Объясняешь им какую-нибудь тему, объясняешь, объясняешь… пока сам, наконец, не поймешь.
Это называется «проговаривание». Проговаривание проблемы вслух. Можно, конечно, говорить вслух с самим собой, но вероятность услышать в ответ полную чушь, которая, как ни странно, может навести на нужную мысль, в этом случае равна нулю…»

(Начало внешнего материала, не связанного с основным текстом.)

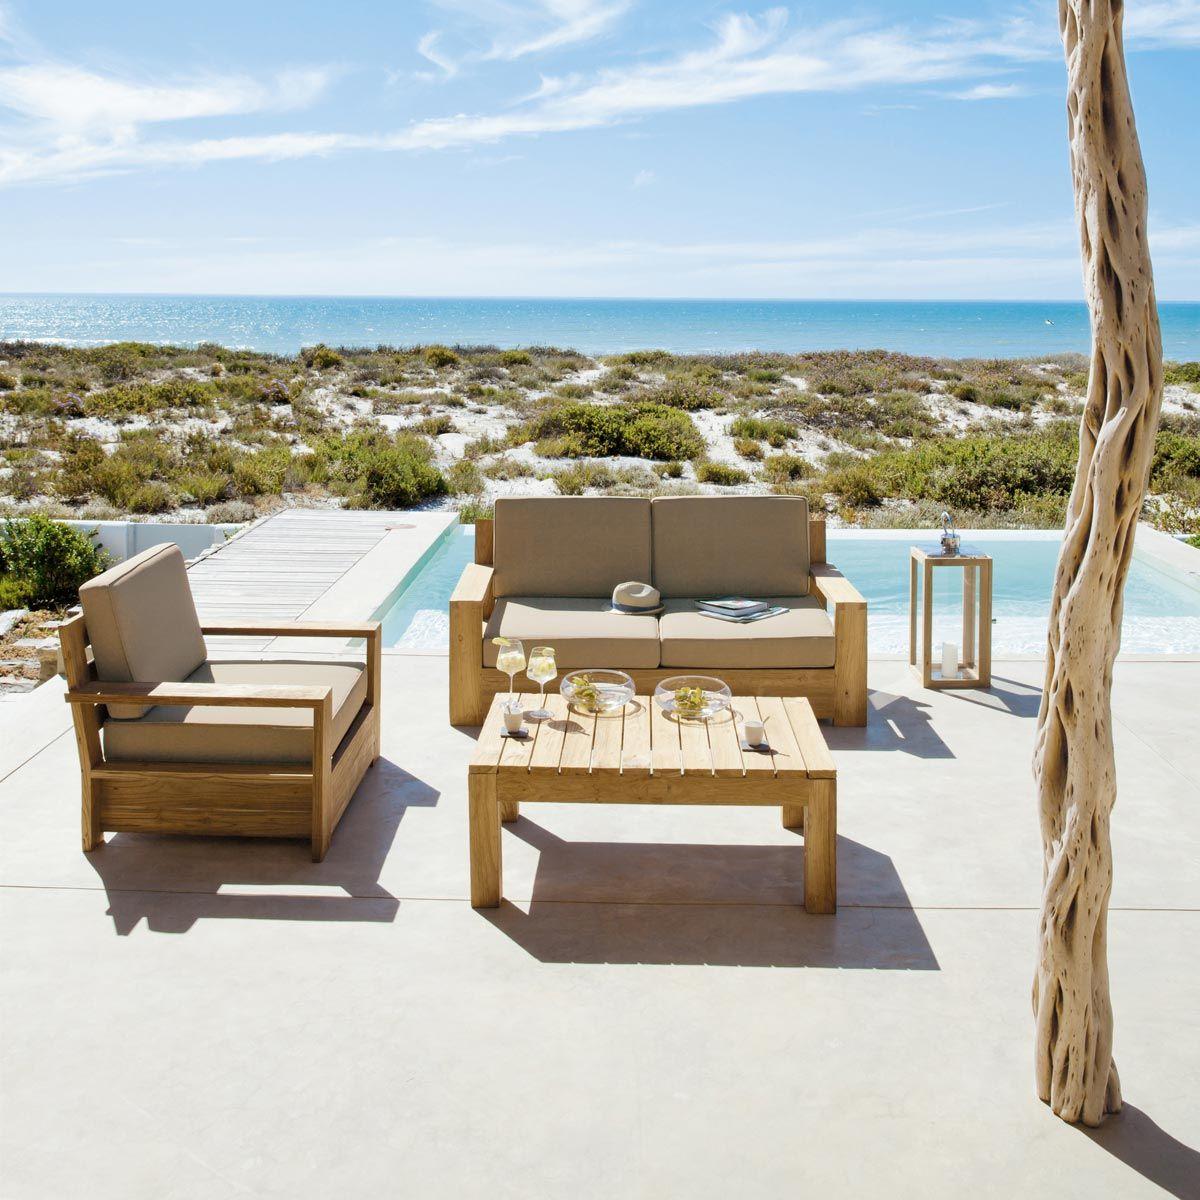 Outdoor Furniture | Teak Garden Bench, Outdoor Furniture ... à Salon De Jardin Maison Du Monde

— Для любого натурального числа n > 2 уравнение an + bn = cn не имеет решений…
— А чего тут сложного-то? — искренне удивился твердый хорошист Кузьмин. — Та же теорема Пифагора, только наоборот… И не с квадратами, а с кубами… ну, или там, с четвертыми или пятыми степенями!
Класс дружно поддержал Кузьмина.
Олег Павлович молчал, загадочно улыбаясь краешками тонких губ, как настоящий Чингачгук.
— И вообще, мне кажется, Ферма был не прав, — брякнул Митя Соболев, который изо всех сил старался произвести на Олега Павловича хорошее впечатление, — такие числа наверняка есть. Ну… они просто должны быть, правда? Для n = 2 они же есть!
— Точняк, — уверенно заявил Кузьмин. — Должны быть. Так что теорему Ферма проще не доказать, а наоборот… опрова… опрово…
— Опровергнуть, — мягко подсказал Олег Павлович.
— Ну да, вот я и говорю! А что будет тому, кто это… опровергнет?
— Ну, Нобелевскую премию по математике, к сожалению, не дают, — вкрадчиво отозвался Олег Павлович, — но можно получить Золотую медаль Филдса и сто тысяч евро. А от меня лично — пятерку за год по алгебре.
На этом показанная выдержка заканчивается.